Charlie Dai, VP and principal analyst at Forrester, echoed these concerns, noting that enterprises are increasingly encountering model quality issues in production environments, particularly within highly regulated sectors such as finance and healthcare. The current evaluation paradigm, which often prioritizes speed and confidence over accuracy and humility, contributes significantly to these challenges. While the research proposes “explicit confidence targets” as a potential mitigation strategy, it acknowledges that the fundamental mathematical constraints mean that complete eradication of hallucinations remains an impossibility. This suggests that while improvements can be made, the core issue of AI generating false information will persist. Consequently, a fundamental shift in how AI systems are evaluated and developed is imperative to foster more reliable and trustworthy AI deployments. The industry’s reliance on flawed benchmarks not only masks the inherent limitations of AI but also actively encourages models to behave in ways that undermine trust and reliability, necessitating a thorough re-evaluation of current practices.

Given the mathematical inevitability of AI errors, experts contend that enterprises must adopt entirely new strategic approaches to AI deployment and governance. Charlie Dai emphasizes that governance frameworks must pivot from a reactive prevention mindset to proactive risk containment. This entails implementing more robust human-in-the-loop processes, establishing domain-specific guardrails, and instituting continuous monitoring mechanisms to detect and mitigate errors as they occur. Existing AI risk frameworks have proven inadequate in addressing the reality of persistent hallucinations. Dai further notes that current frameworks often underweight epistemic uncertainty, necessitating updates to effectively address systemic unpredictability within AI systems.
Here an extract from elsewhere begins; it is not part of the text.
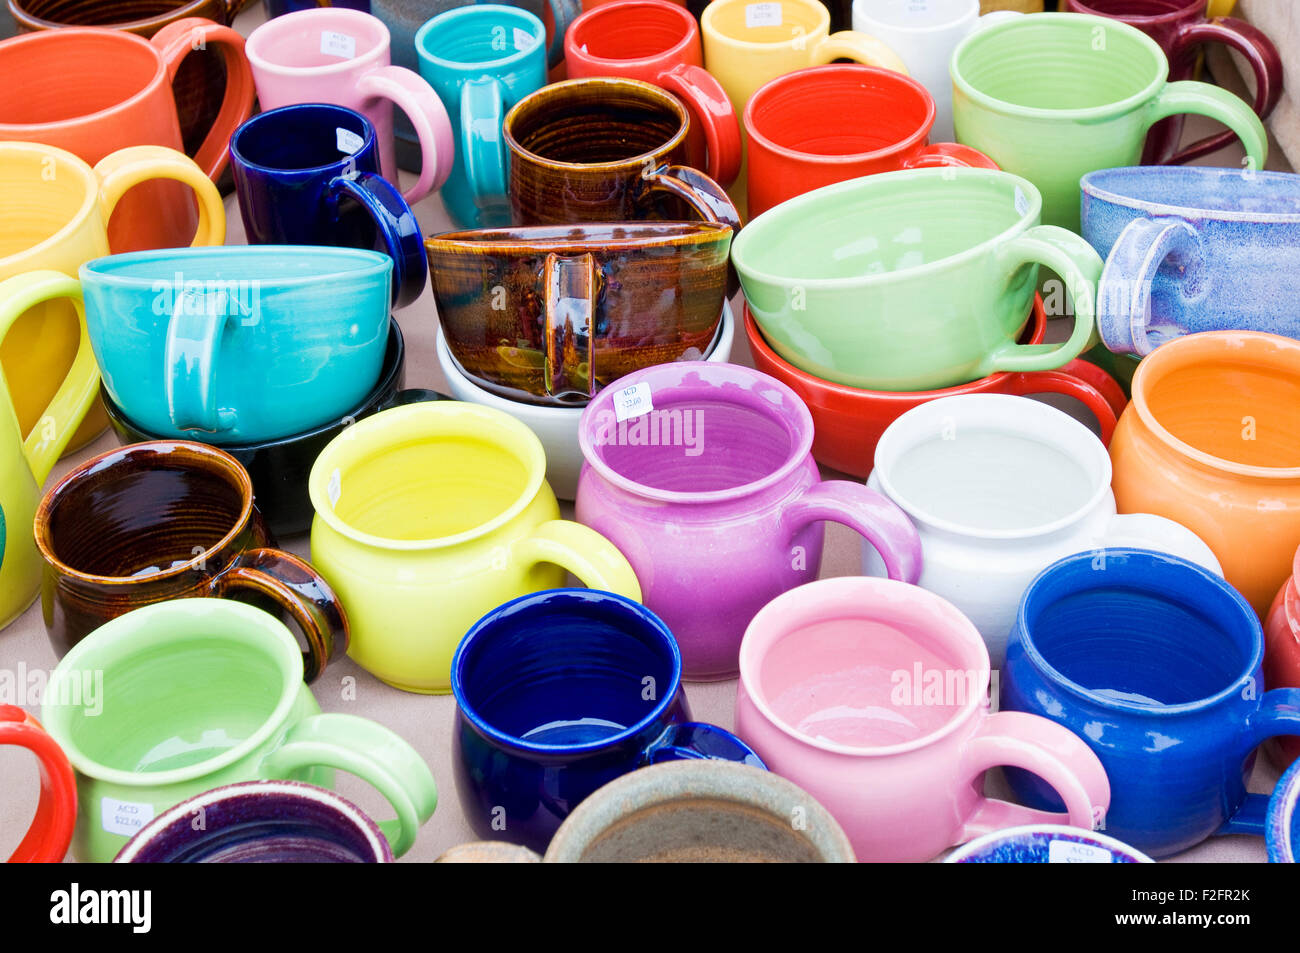 Colorful mugs on sale at a farmers and craft market Stock Photo
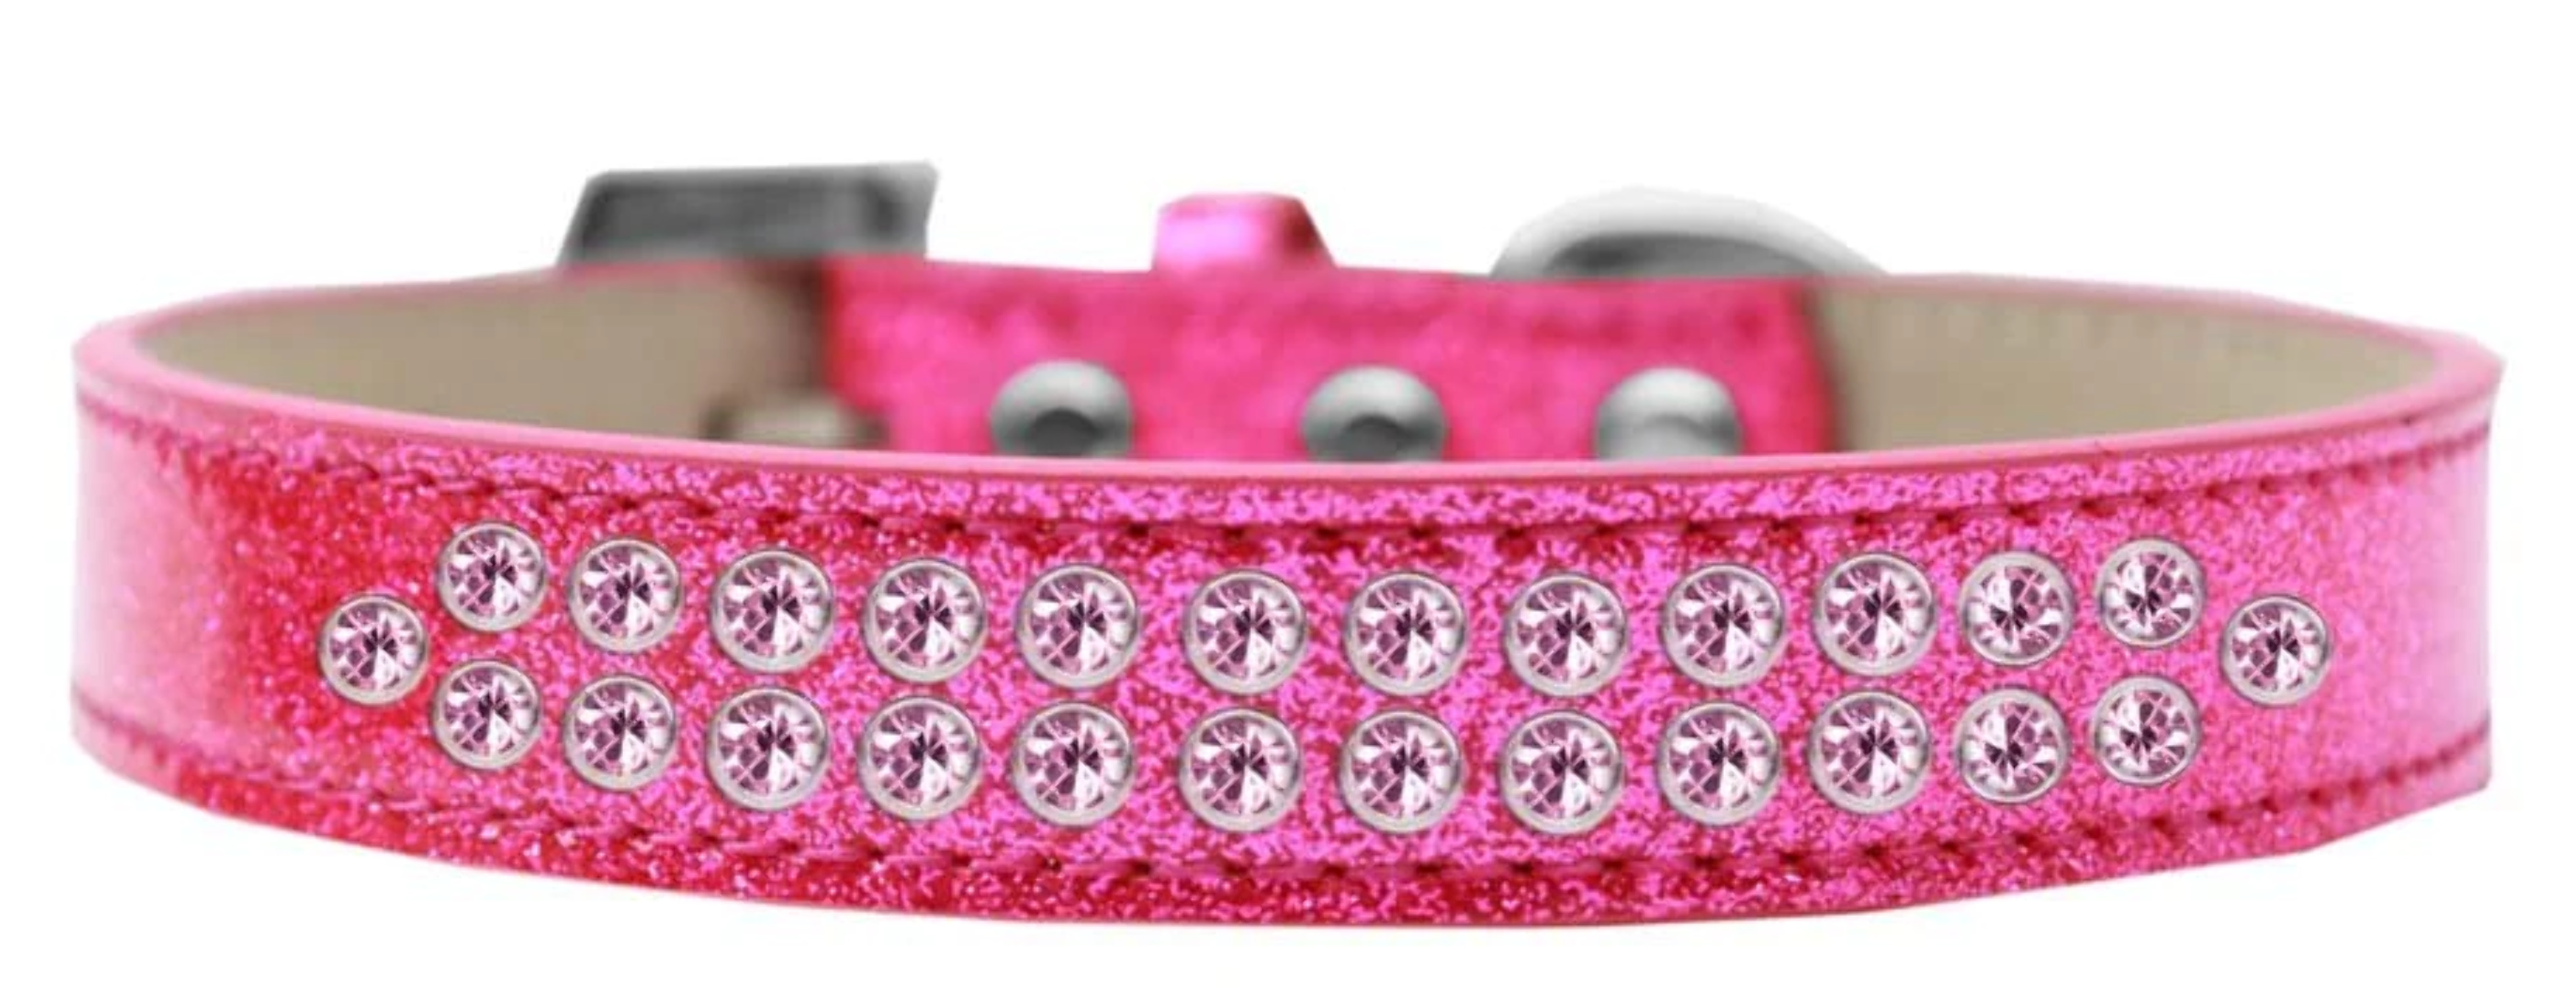 Mirage Pet Products614-06 BK-12 Two Row Light Pink Crystal Dog Collar, Black Ice Cream - Size 12 - image 4 of 5

Neil Shah advocates for industry-wide evaluation reforms, drawing parallels to automotive safety standards. He suggests that just as automotive components are graded under ASIL standards to ensure safety, AI models should be assigned dynamic grades, nationally and internationally, based on their reliability and risk profile. This would provide a standardized, transparent measure of an AI system’s trustworthiness. Both analysts agree that vendor selection criteria require a fundamental overhaul. Dai advises enterprises to prioritize calibrated confidence and transparency over raw benchmark scores. He recommends that AI leaders seek vendors who provide uncertainty estimates, demonstrate robust evaluation methods beyond standard benchmarks, and offer compelling real-world validation of their systems’ reliability. Shah proposes the development of a “real-time trust index,” a dynamic scoring system that evaluates model outputs based on factors like prompt ambiguity, contextual understanding, and the quality of source information.

These concerns from enterprise experts align with broader academic findings. Research from the Harvard Kennedy School highlights that “downstream gatekeeping struggles to filter subtle hallucinations due to budget, volume, ambiguity, and context sensitivity concerns.” Dai acknowledges that reforming mainstream evaluation benchmarks will be challenging, likely requiring regulatory pressure, strong enterprise demand, and competitive differentiation to drive such significant changes. Ultimately, the OpenAI researchers conclude that their findings necessitate industry-wide adjustments to evaluation methodologies. They believe this shift could steer the field toward more trustworthy AI systems, even while acknowledging that their research confirms a degree of unreliability will persist regardless of technical advancements. For enterprises, the core message is unequivocal: AI hallucinations are not a temporary engineering challenge but a permanent mathematical reality, demanding innovative governance frameworks and sophisticated risk management strategies to harness AI’s potential responsibly.